# palominos and flaxen chestnuts



## GreyRay

A Palomino has a golden coat, and a Chestnut has a red coat. Not all Chestnuts have a flaxen mane and tail.
Thats about as detailed as I can get with coat colors, lol.
_Posted via Mobile Device_


----------



## Poseidon

Palomino









Chestnut with Flaxen mane and tail









Sometimes they are hard to distinguish, but palominos have a very goldeny shimmer to them in the sun. If that helps. Hahah.


----------



## GCSM16

i always get them mixed up....lol I'd have called both of those palominos. Genetics is not my strong point


----------



## Poseidon

Genetically, a palomino is a sorrel/chestnut is one cream dilute. A chestnut with a flaxen mane and tail is just a regular chestnut/sorrel with the flaxen gene, which is just a modifier. 

If that makes more sense.


----------



## Chiilaa

To tell the difference you need a sunny day. A palomino will have a golden shine on their coat. A chestnut will have a bronze or copper shine.

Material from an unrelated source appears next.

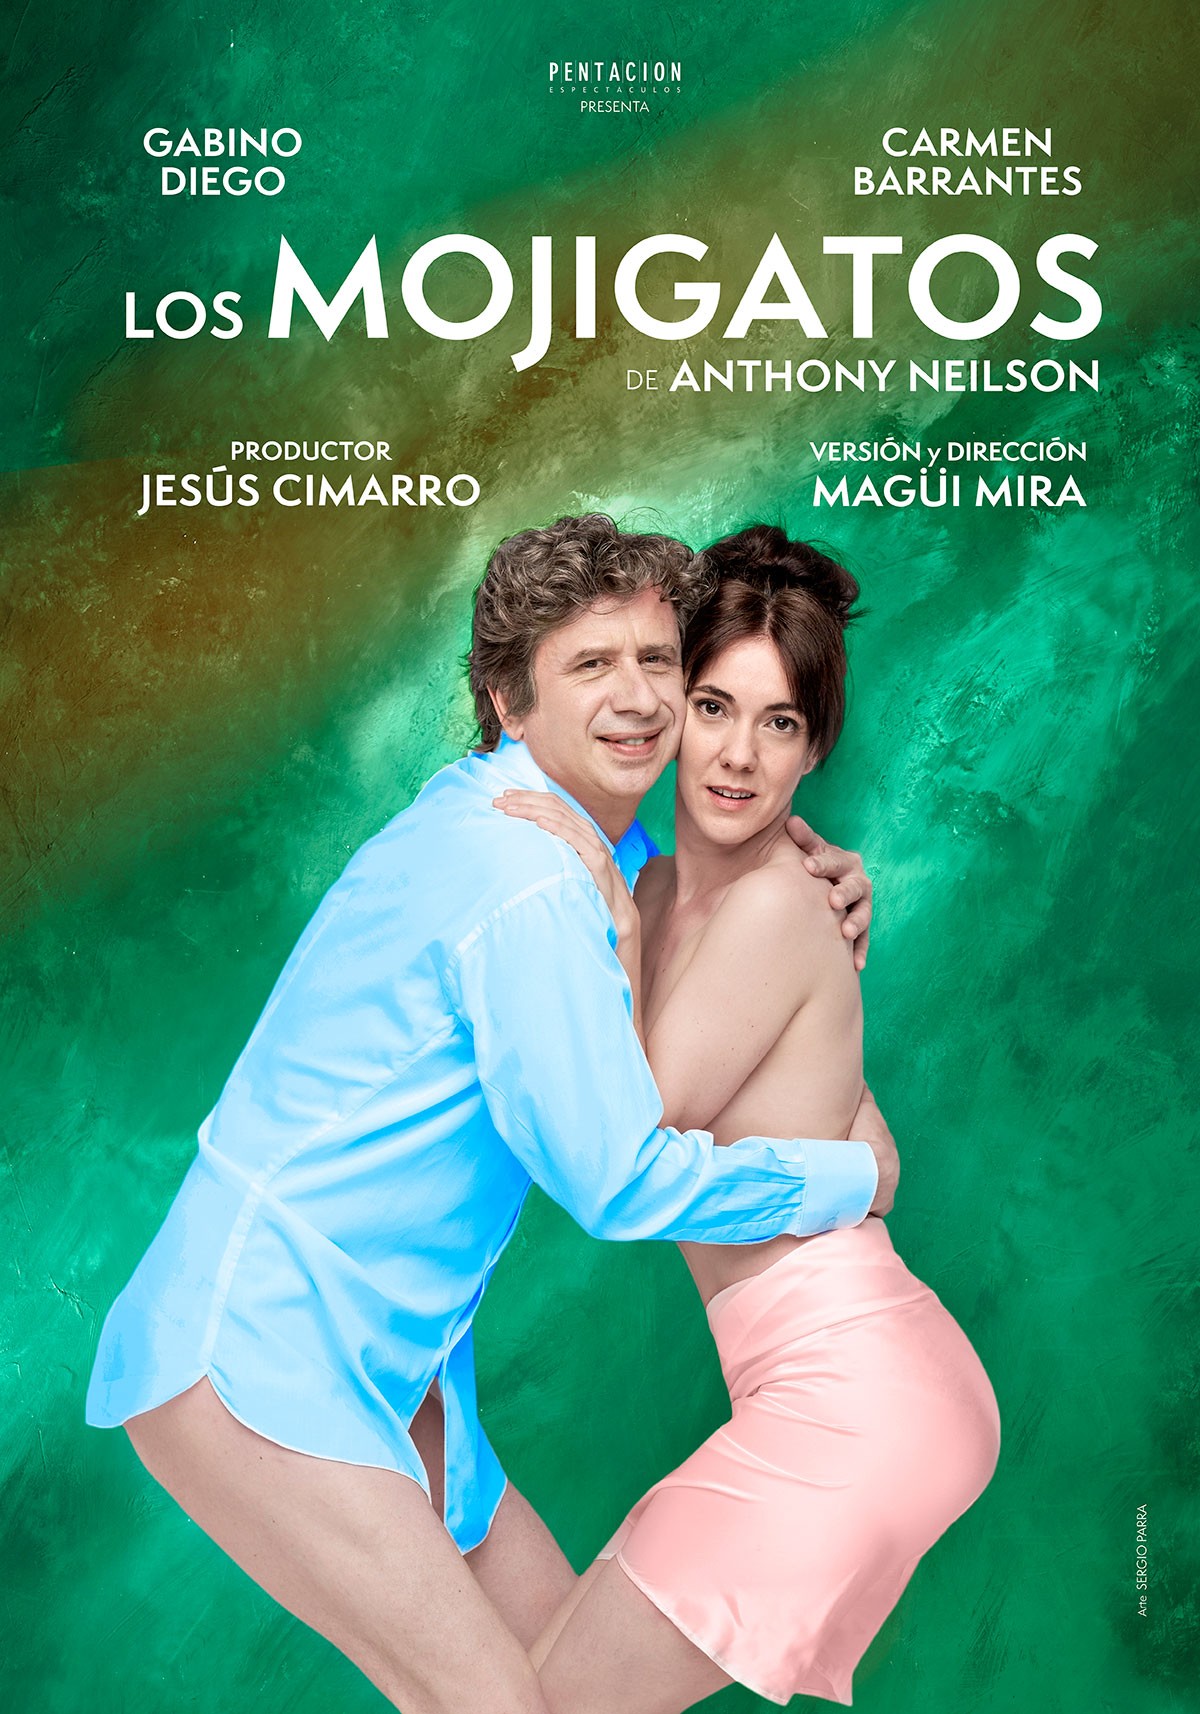 Gabino Diego y Carmen Barrantes protagonizan en Valencia ‘Los mojigatos’, dirigidos por Magüi Mira

You can also tell by looking at their breeding if you know it. Sometimes it can be mixed up though, with people mistaking one colour for another.


----------



## equiniphile

Flaxen chestnuts often have a fake dorsal stripe called countershading, like my mini Lulu.


----------



## CharliGirl

My gelding Scotch had a sorrel roan father and a palomino mother. I believe he is a Sorrel Roan with a flaxen mane and tail. Quite the colorful guy, especially with all of his chrome! 










It's kinda hard to see his roan markings here. His mane and tail get a lot lighter than this in the summer (this is an older picture).


----------



## Chiilaa

Yup he is a chestnut. You can kind of see the shine that I am talking about, with the orangey-copper tones to his glinting coat.


----------



## Chiilaa

Don't know about the roan though, would have to see side on shots


----------



## CharliGirl

Some roaning around his eye:









Neck and throatlatch:









Side shot (you can see it especially in his hip area):








Please ignore the dangerous lean-to...it has been upgraded since this picture was taken!

You can kinda see it on his hindquarters here:









His roaning is much easier to see in person. He is nowhere near as "roany" as his father, Skip N Easy, though!


----------



## Quixotic

True roan doesn't affect the face like that, the roaning would be restricted to the rest of his body, but his head would remain dark. His sire looks like a chestnut Sabino to me, which gives him his tall stockings, white face, & "roaning", but I don't think he is a true roan.


----------



## Chiilaa

Yup Quixotic is right on that one. Roan doesn't affect the face. I am also going to go with sabino, but I could be wrong. 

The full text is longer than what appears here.